Cliff Holmes, who was president of RAS for many years, had owned a few 12.5" scopes. Throughout the 60's and 70's, he occasionally listed 12", 12.5" f/7 and 12.5" f/8 scopes for sale in the RAS newsletter. He and Warren Estes met around 1964 and were friends, and I would speculate that Warren Estes got this scope from him sometime around 1976 when Holmes listed a 12.5" for sale in the newsletter. Warren Estes widow remembers the scope and they met New Years Eve, 1976. Cliff Holmes aquired a 12.5" Cave in 1970, but since the Horsetrail Cave (HTC) is older than that, I think he may have got it from Harold Kaiser - there are pictures of Harold Kaiser and friends with a 12.5" Cave with a mount that looks a lot like the HTC mount but mounted on a pier. The mount is not the observatory sized mount, but the transportable size.

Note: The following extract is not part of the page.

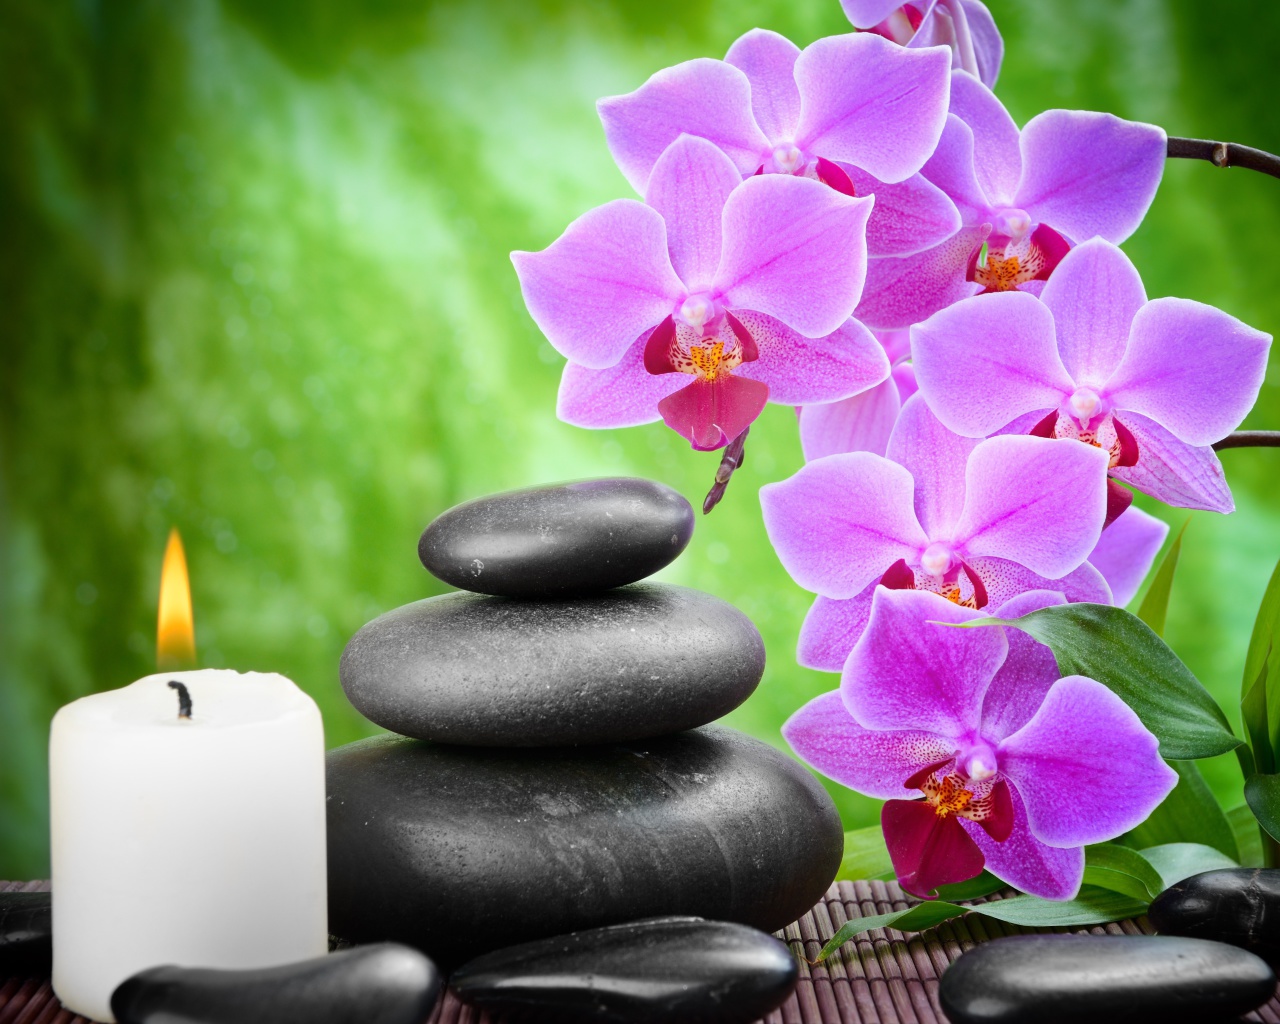 Pebbles, candles and orchids screenshot #1 1280x1024

There's no telling where Harold Kaiser got the 12.5" Cave, but it's quite possible he was the original owner as the time period fits in and that scope looks a lot like the HTC scope and it would have been kept within the group at RAS. I think there also was a lot of part swapping going on back then and my theory goes is that the McGrath mirror was finished up by Kaiser, or someone, possible Holmes who used Kaiser's mirror making machine, and then replaced the original Cave mirror (if there was one) that was in the HTC.

So that's the theory, anyway, about the HTC and the McGrath mirror.

When Warren Estes died, the widow moved out, she did not get along well with Warren Estes' mother and the father had already passed away. Cliff Holmes and John Parks helped with clearing out Estes stuff and the mother went on to live somewhere else. From that point, I have no more history of the HTC, it was at the Estes home when he died, but who knows where it has been since then and when it was found dumped in a field?

There's no doubt that Warren Estes owned the HTC and it's only speculation about its history before he got it. Maybe more will come out some day. I've done about all the research I can and had a lot of help from Marianne, the book's author. Is the story over? I don't think so, and who is going to take it after me? At least some of its history is documented here :)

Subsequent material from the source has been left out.